The invention belongs to the field of preparation of antibacterial nanofibers, and particularly relates to a preparation method of antibacterial nanofibers based on a polyelectrolyte-surfactant composite.

Background

Microorganisms pose great harm to human health and life, and rapidly reproduce under appropriate conditions to spread diseases, thereby affecting the living environment of human beings. The textile is an important medium for transmitting germs and can provide conditions for the reproduction and living of microorganisms. Therefore, the research on the antibacterial textile has important significance. The antibacterial fiber is a novel functional material with sterilization and bacteriostasis performance, and the core component of the antibacterial fiber is an antibacterial material. The preparation of the antibacterial fiber mainly comprises the following steps: the antibacterial agent is mixed into the fiber by a physical method, the polymer structure of the chemical fiber is chemically modified or grafted, and a composite spinning technique is used.
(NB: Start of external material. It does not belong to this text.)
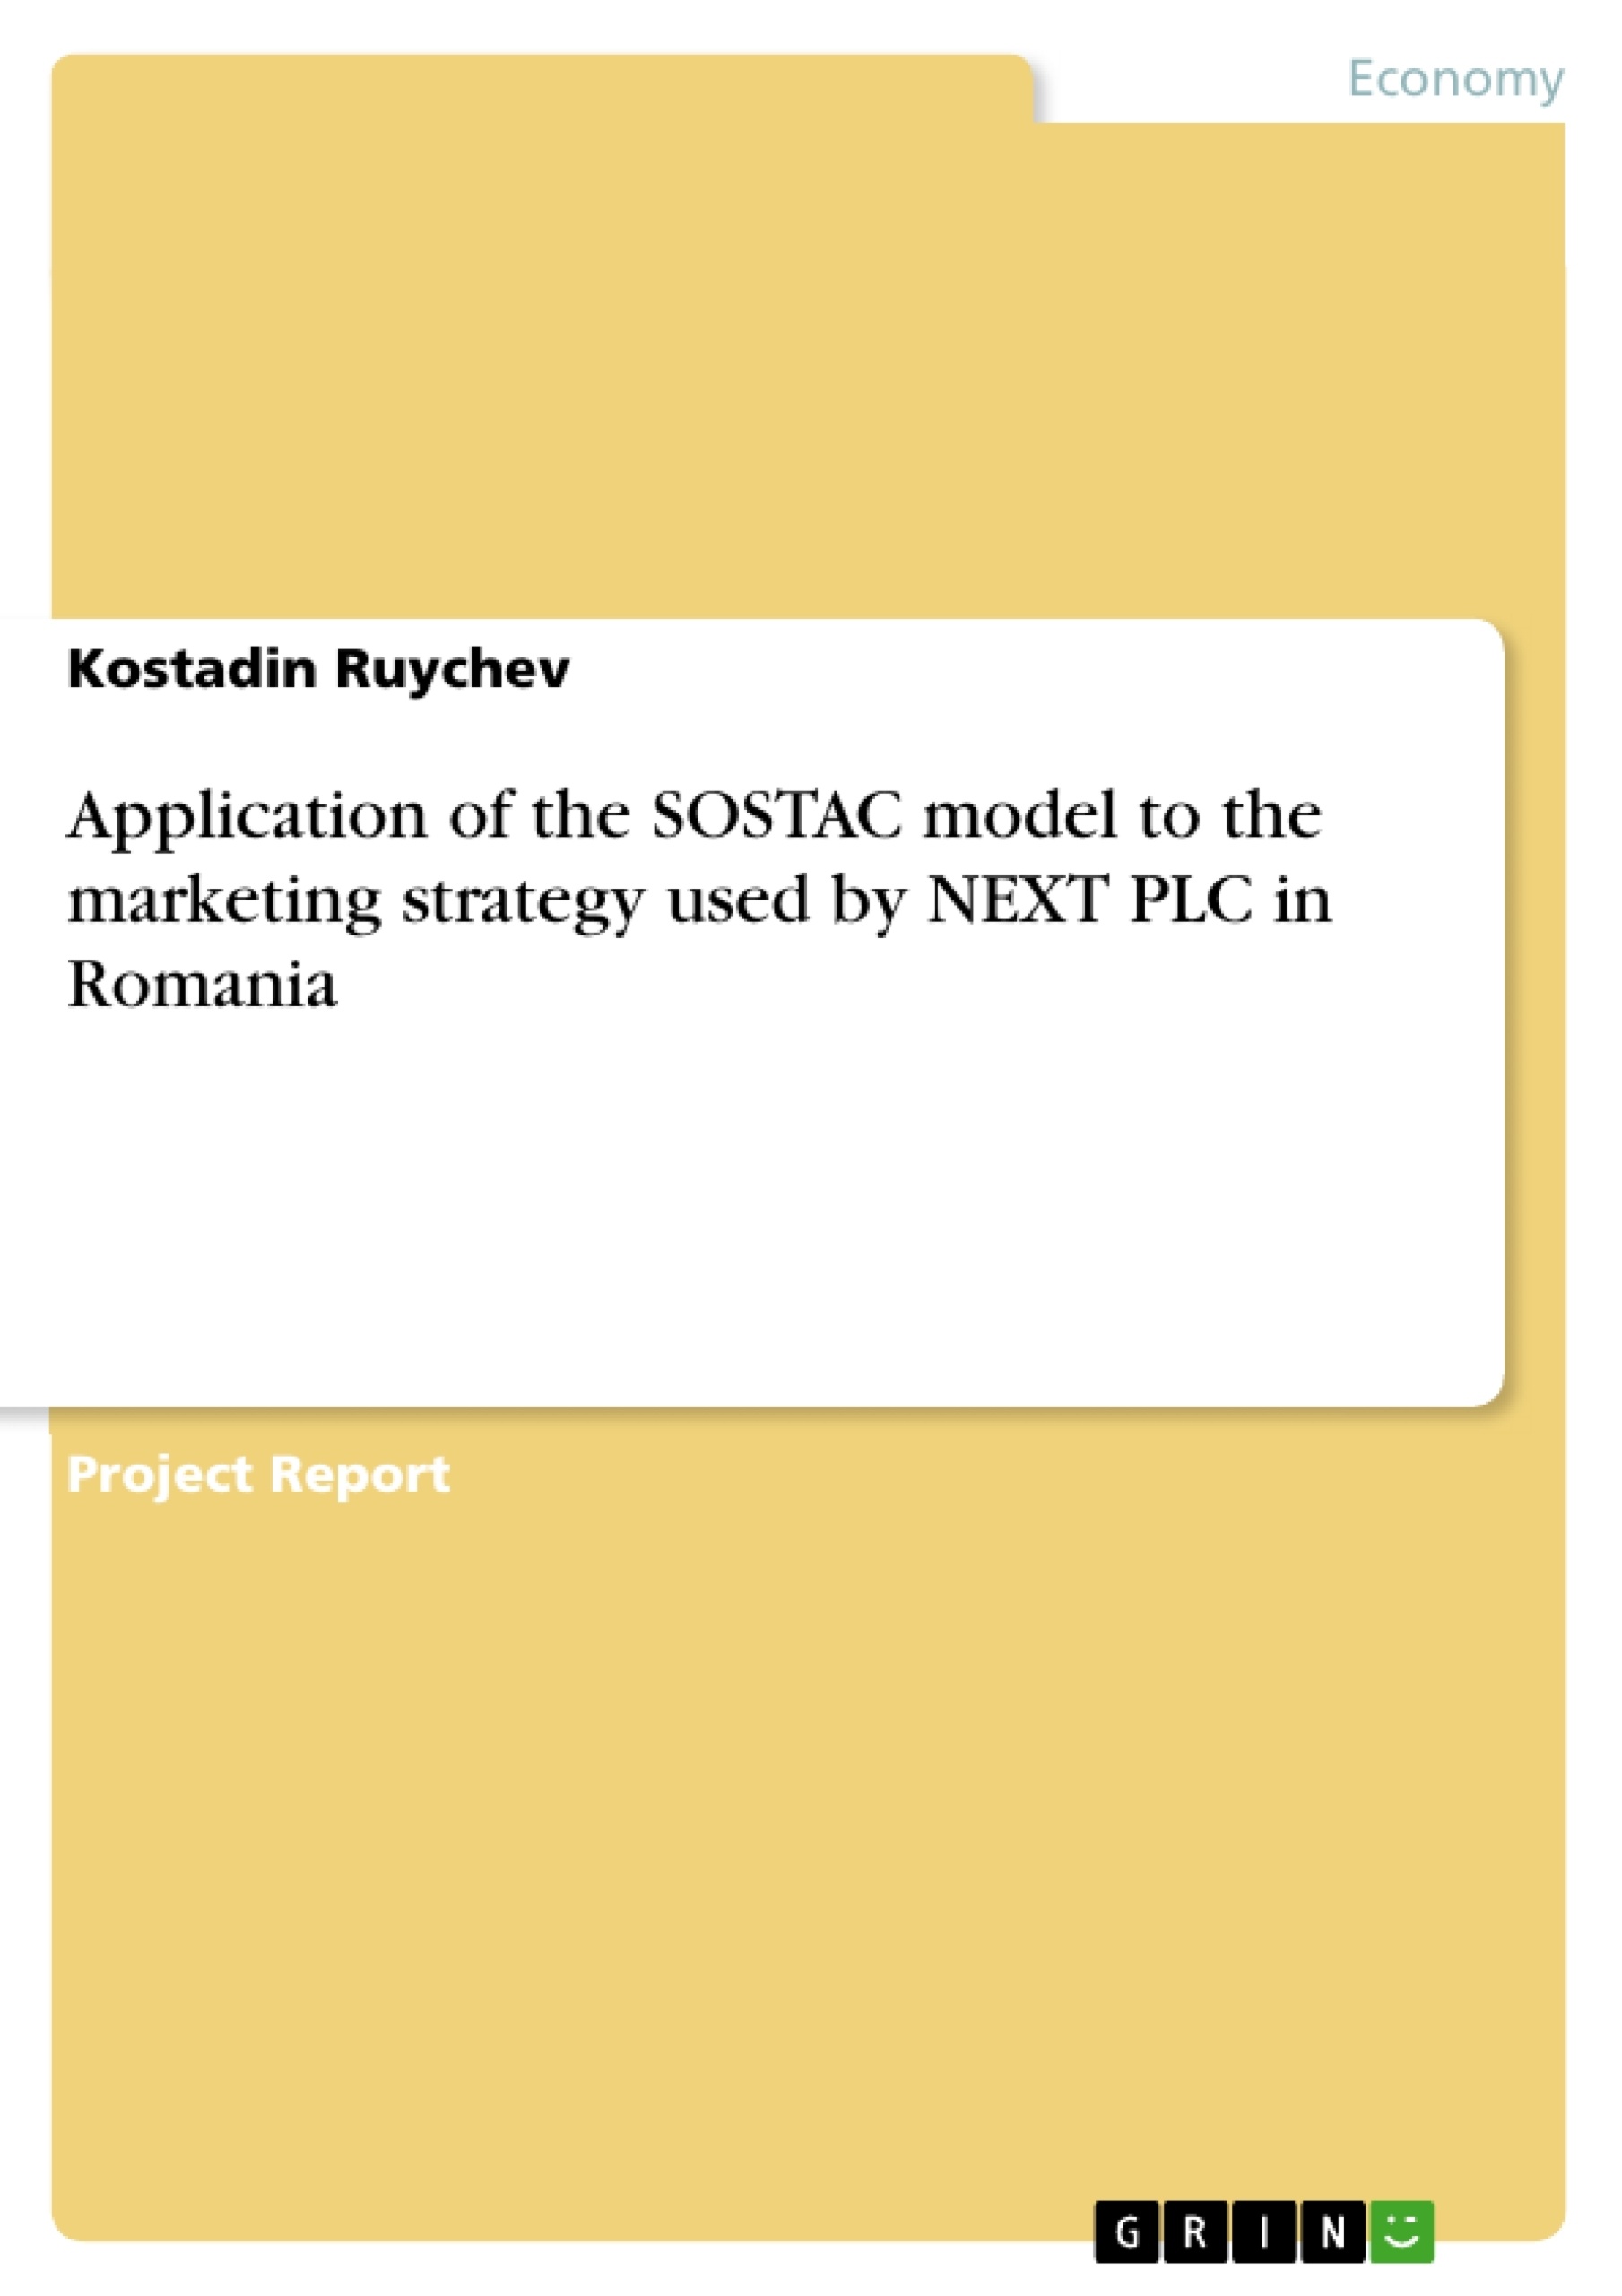 Titre: Application of the SOSTAC model to the marketing strategy used by NEXT PLC in Romania

The electrostatic spinning technology is a simple and effective method for preparing the antibacterial nanofibers, and the electrospun nanofibers have huge specific surface area and wide application prospect. Polyelectrolyte self-assembly with oppositely charged surfactants in dilute solution can form molecularly ordered solid material-polyelectrolyte-surfactant complexes. Researchers have made more intensive studies on the interaction between the two in aqueous solution, but the polyelectrolyte-surfactant complex of solid structure has been less studied, especially in terms of its functional application. According to the invention, the polyelectrolyte and the quaternary ammonium salt cationic surfactant with antibacterial property are self-assembled to obtain the polyelectrolyte-surfactant compound, and the antibacterial nanofiber is obtained by an electrostatic spinning technology, so that the application range of the antibacterial nanofiber is expanded.

Disclosure of Invention

The invention aims to solve the technical problem of providing a preparation method of antibacterial nanofiber based on polyelectrolyte-surfactant composite, and expanding the application range of the polyelectrolyte-surfactant composite.
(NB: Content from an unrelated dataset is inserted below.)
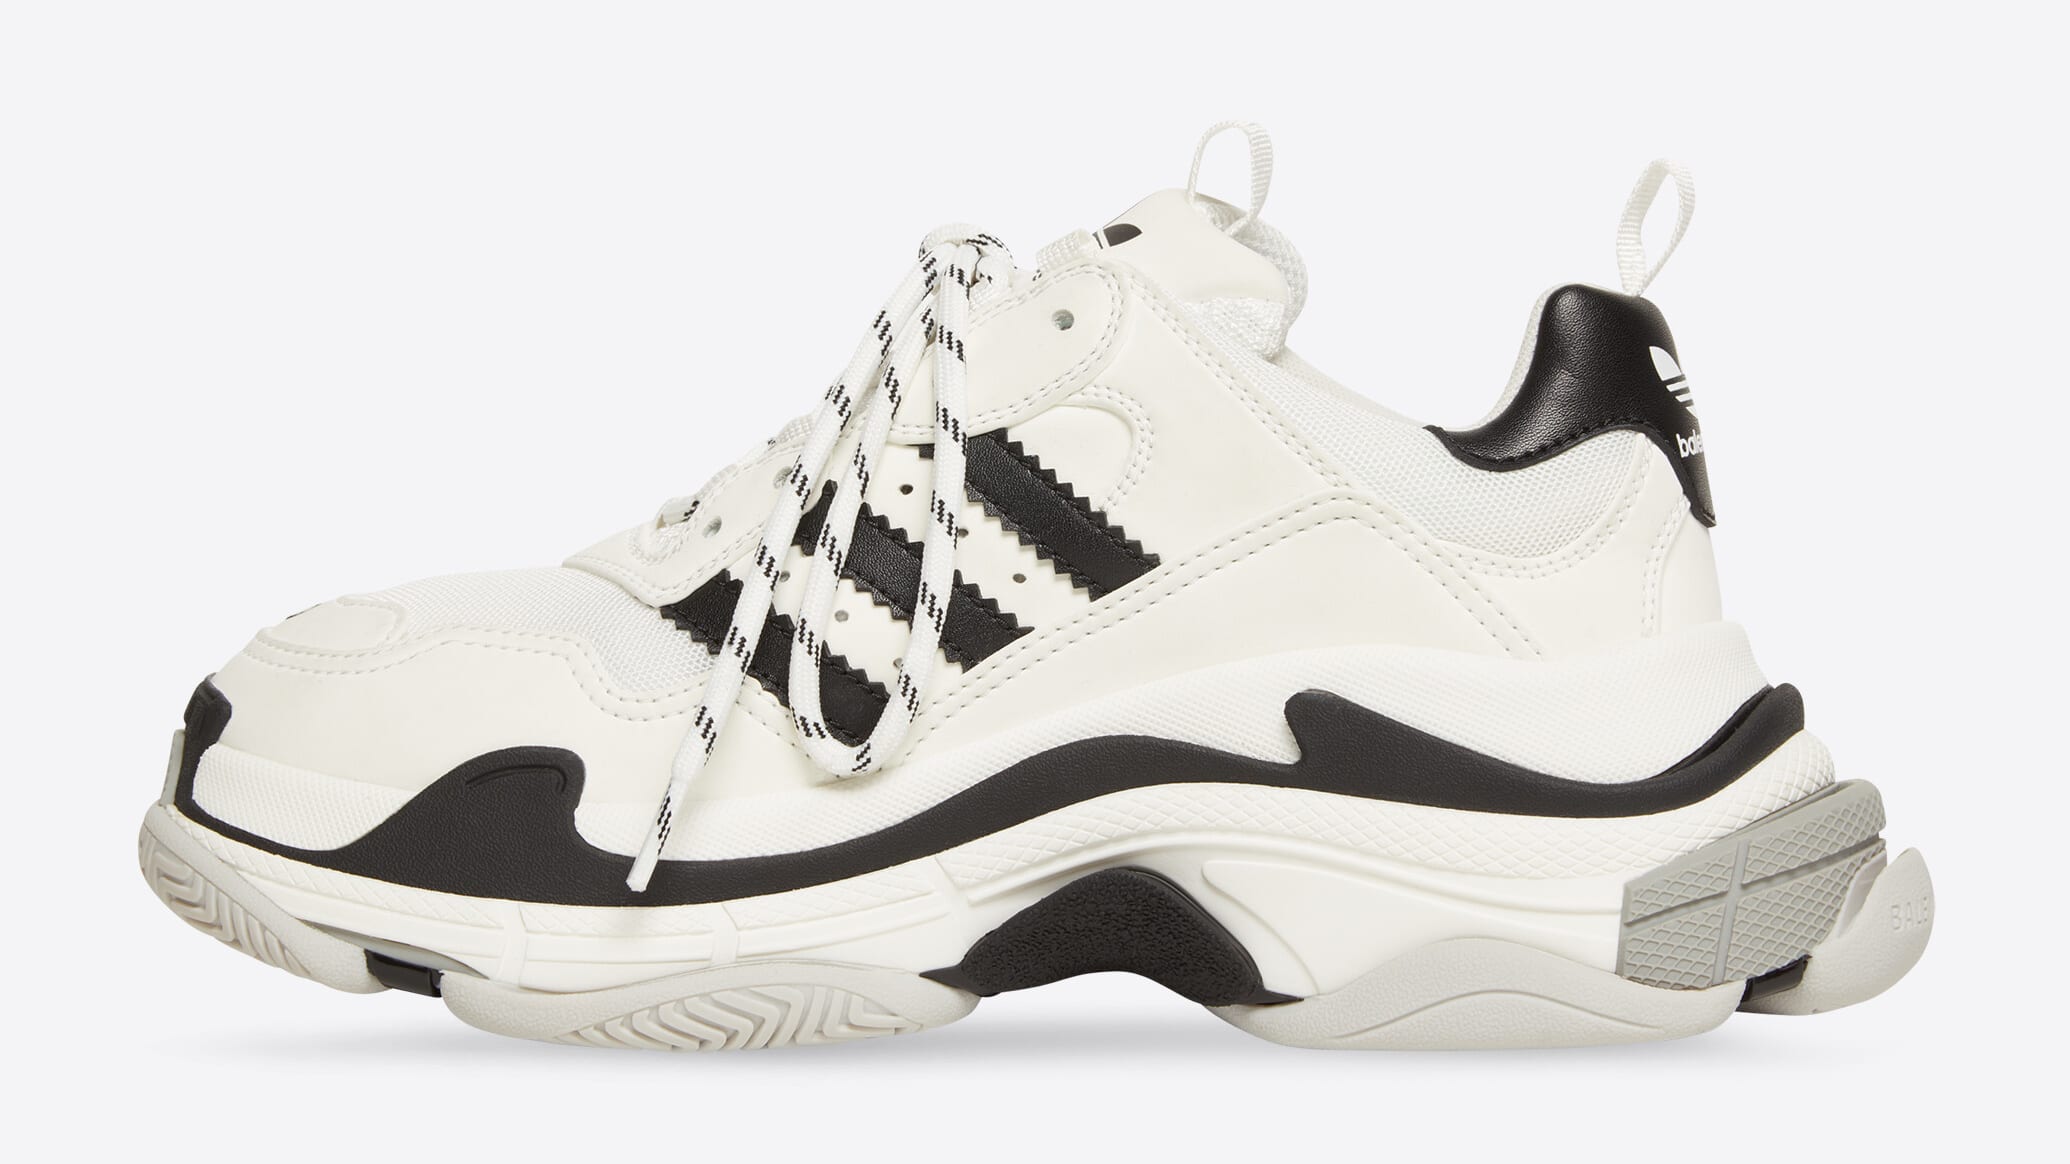 The Week's Best Sneakers Feature An Adidas Balenciaga Collab

The preparation method of the antibacterial nanofiber based on the polyelectrolyte-surfactant composite comprises the steps of hydrolyzing polyacrylonitrile to obtain a polyelectrolyte high polymer, then self-assembling the polyelectrolyte high polymer with surfactant quaternary ammonium salt to obtain the polyelectrolyte-surfactant composite, and finally performing electrostatic spinning to obtain the antibacterial nanofiber based on the polyelectrolyte-surfactant composite.
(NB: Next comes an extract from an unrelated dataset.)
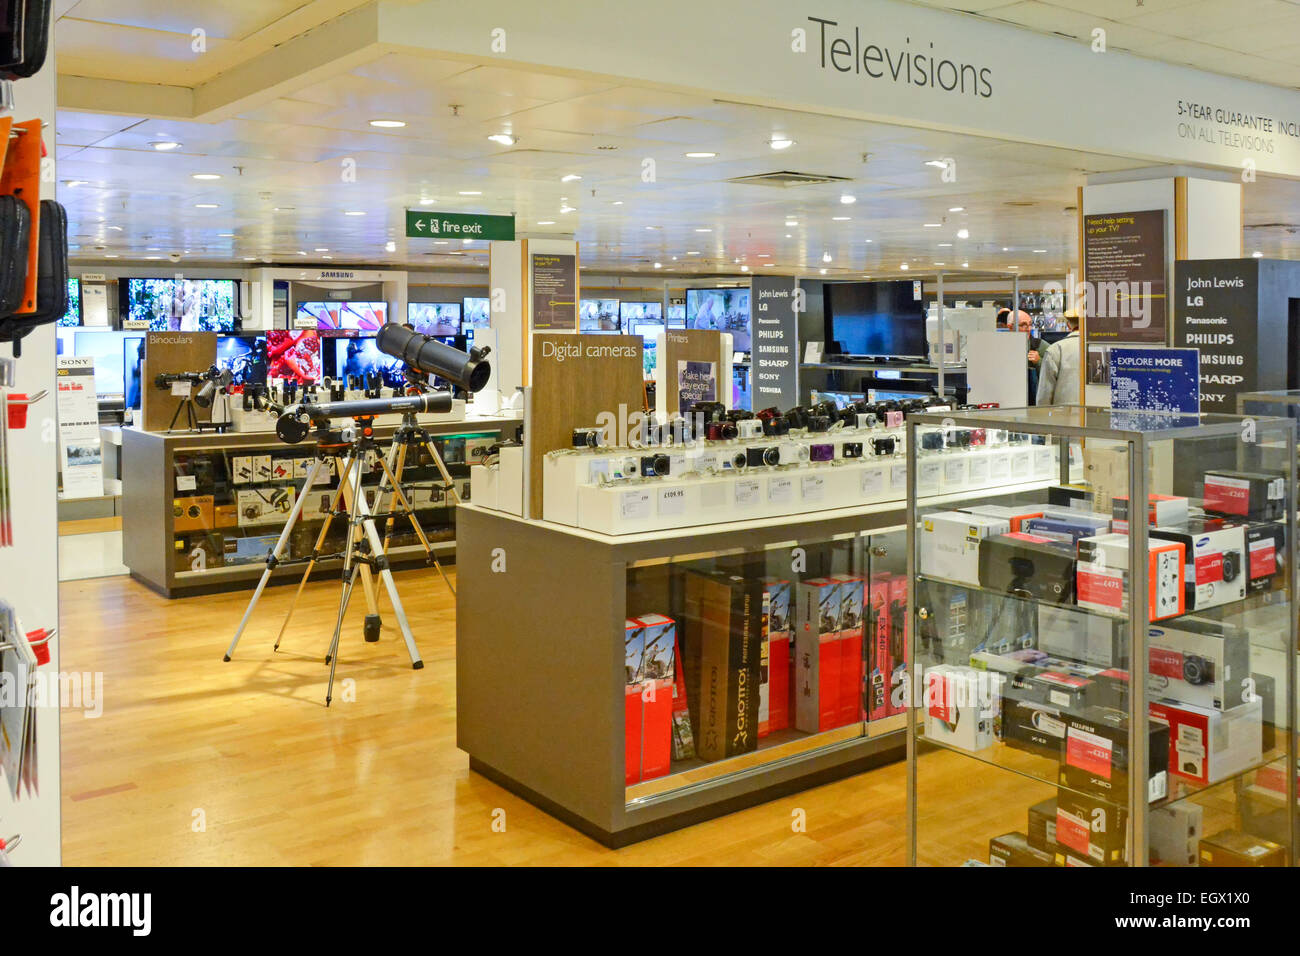 John Lewis retail business interior view of television & camera products in shopping department inside Oxford Street store West End London England UK Stock Photo

The invention relates to a preparation method of antibacterial nanofiber based on polyelectrolyte-surfactant complex, which comprises the following specific steps:

(1) hydrolyzing Polyacrylonitrile (PAN) with alkali to obtain PAN hydrolysate, namely anionic polyelectrolyte high polymer;

(2) dissolving the anionic polyelectrolyte high polymer in the step (1) in deionized water, slowly dropwise adding a surfactant-quaternary ammonium salt water solution, stirring, filtering, cleaning and drying to obtain a polyelectrolyte-surfactant compound, wherein the mass ratio of the surfactant-quaternary ammonium salt to the polyelectrolyte high polymer is 2: 1;

(3) and (3) dissolving the polyelectrolyte-surfactant compound in the step (2) in a solvent, stirring, and performing electrostatic spinning on the obtained spinning solution to obtain the antibacterial nanofiber based on the polyelectrolyte-surfactant compound, wherein the mass fraction of the polyelectrolyte-surfactant compound in the spinning solution is 10%.

The step (1) of hydrolyzing polyacrylonitrile PAN with alkali specifically comprises the following steps: adding PAN and sodium hydroxide into water according to the mass ratio of 1:1, stirring for more than 3h at 100 ℃, precipitating, cleaning and drying to obtain the anionic polyelectrolyte high polymer.

The drying temperature is 40-60 ℃.

In the step (2), the quaternary ammonium salt is dodecyl trimethyl ammonium chloride, tetradecyl trimethyl ammonium chloride, hexadecyl trimethyl ammonium chloride or octadecyl trimethyl ammonium chloride.

And (3) stirring in the step (2) at the temperature of 40-60 ℃ for 30 min.

The drying in the step (2) comprises the following steps: vacuum drying at 40-60 deg.C.

In the step (3), the solvent is one or a mixture of two of isopropanol, dichloromethane and trichloromethane.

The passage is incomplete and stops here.